If you find these helpful, please take a second to rate the content by clicking on the stars above. You can sign up via email (in the sidebar on the right hand side) to follow my blog and get instant notifications when my monthly performance stats are updated. And follow me on Twitter (@motleyfoolrview).

And of course, leave a comment below and let me know what you think.

Call it a Wrap

2014 comes to a close and it was a tough year for the Motley Fool Services. While the S&P 500 was up +11.8% for the year, and the Russell 2000 was up +3.8%, most of the Motley Fool services lost ground to the S&P. Keep in mind, most are still outperforming the S&P so hard to complain about that, and their absolute gains were mostly up for the year as well. But it was a volatile market this year with significant dips in January and October, particularly for small cap stocks.

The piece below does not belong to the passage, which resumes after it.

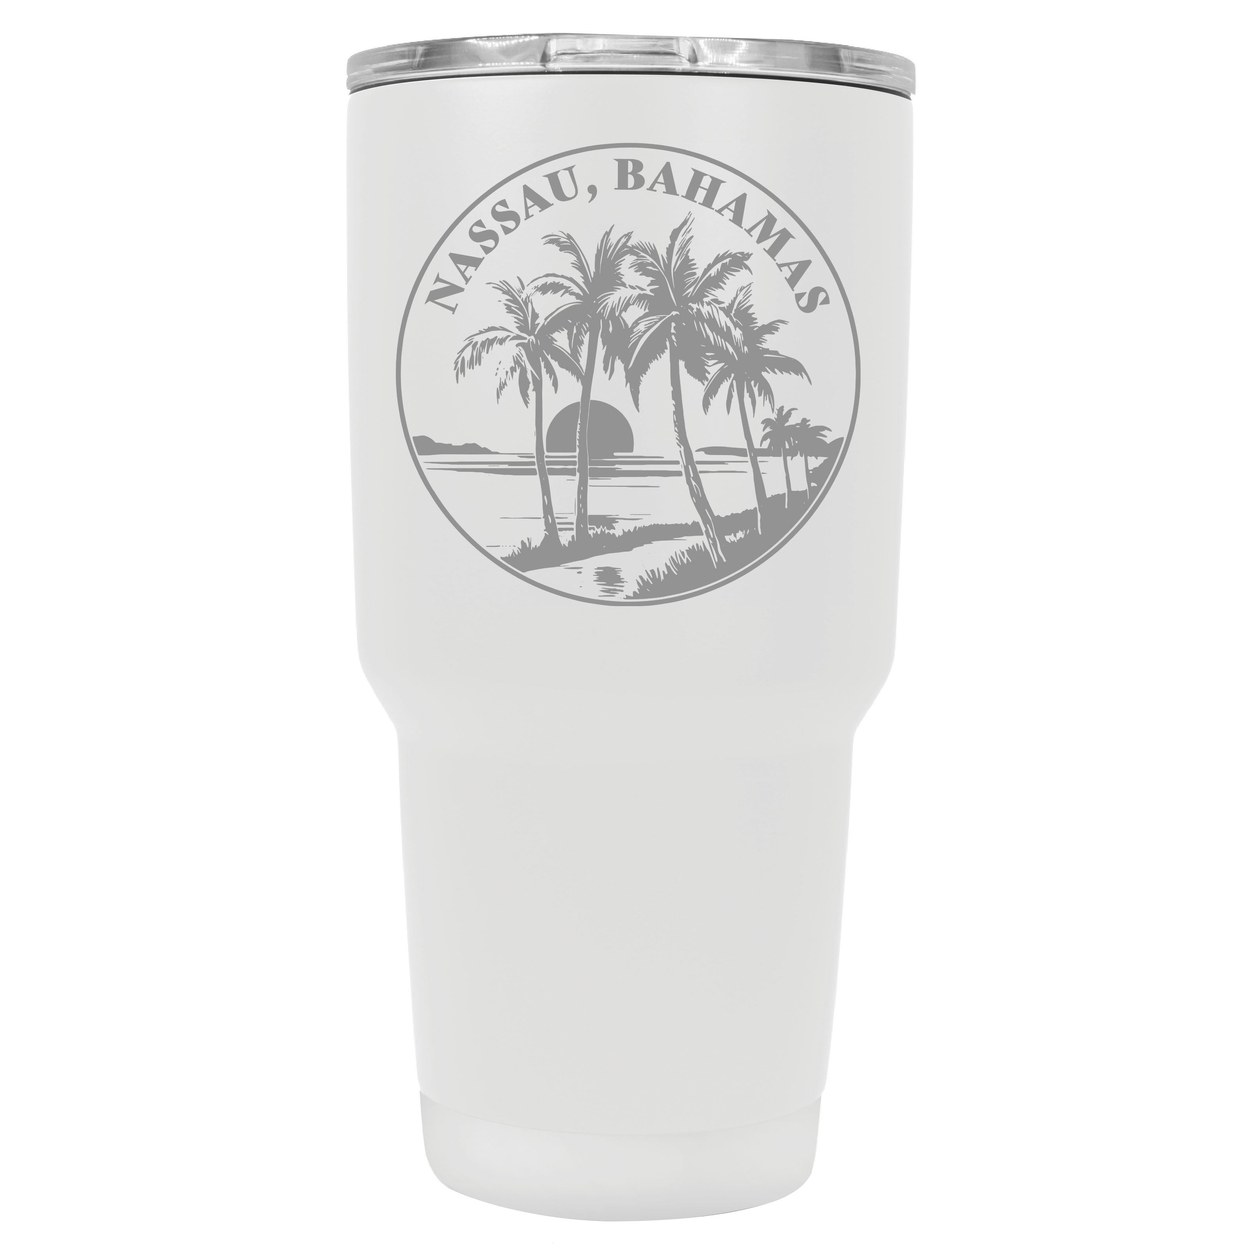 Nassau The Bahamas Souvenir 24 Oz Engraved Insulated Stainless Steel Tumbler - White,,2-Pack
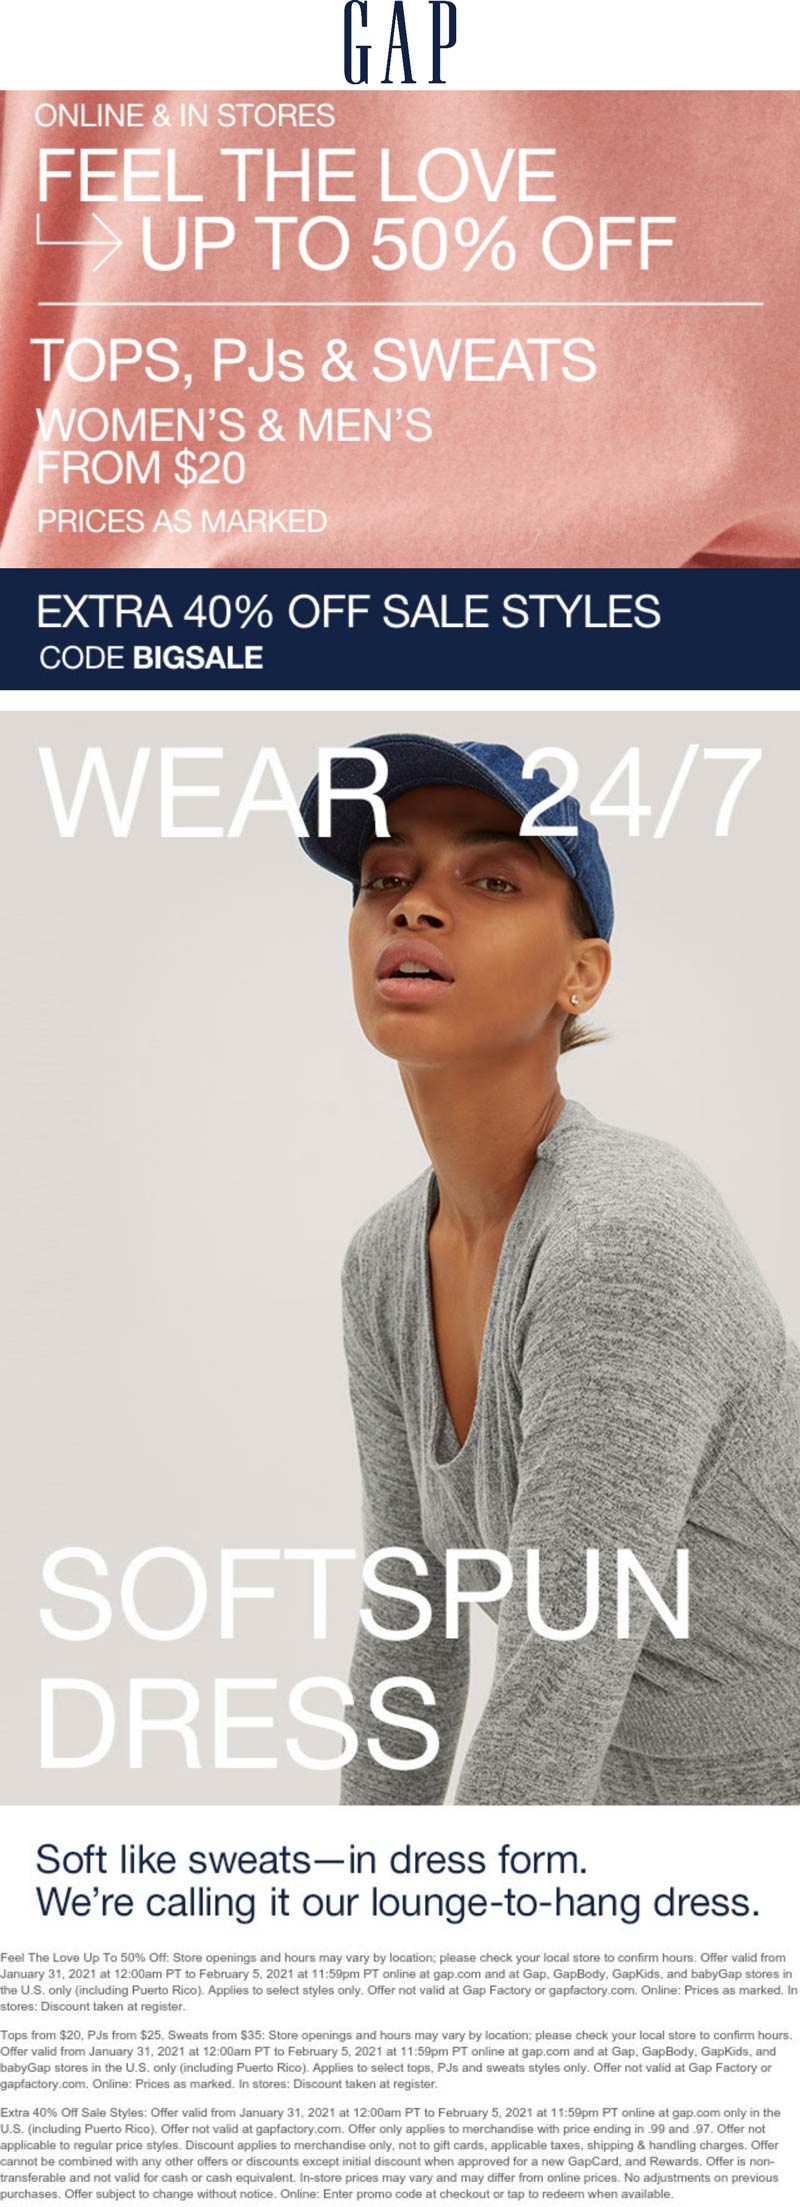 Gap stores Coupon  Extra 40% off sale styles online at Gap via promo code BIGSALE #gap

The only Portfolio service with a gain vs. the market was Pro, which went from 0% to 1%. Not a glamorous result, but one of the goals of Pro is to minimize volatility in their portfolio, and when compared to the other Motley Fool portfolios, having a 1% gain against the market shows the benefits of Jeff Fisher’s approach in a more volatile year.  MDP on the flip side really took a nose dive, going to a positive +6% to a -6% outperformance. But particularly concerning was Supernova Phoenix’s slip from outperforming by +24% to only +5%. For a portfolio that is supposed to be geared towards retired individuals, that kind of volatility is particularly scary. Let’s see if they can stabilize here.

On the idea-recommendation services side of the scorecard, Inside Value is the only service with a small 2% gain (not discernible in the chart, however). I’ve really started to focus a lot more on Inside Value in my own investing, as I continue to be impressed with their strong, consistent performance. Rule Breakers got close with only a -2% drop in outperformance, while Tom Gardner’s side of Stock Advisor lost nearly one-third of it’s outperformance. Interestingly, David Gardner’s side is the only recommendation service whose absolute returns dropped.

I want to point out that this month a new portfolio service has been added – Phoenix 2. With the original Phoenix portfolio moving into it’s next phase where it won’t be adding any new money, they’ve added Phoenix 2 which is geared toward retirement-aged investors. As of December, they had only made 1 stock recommendation so the performance measurement is still premature.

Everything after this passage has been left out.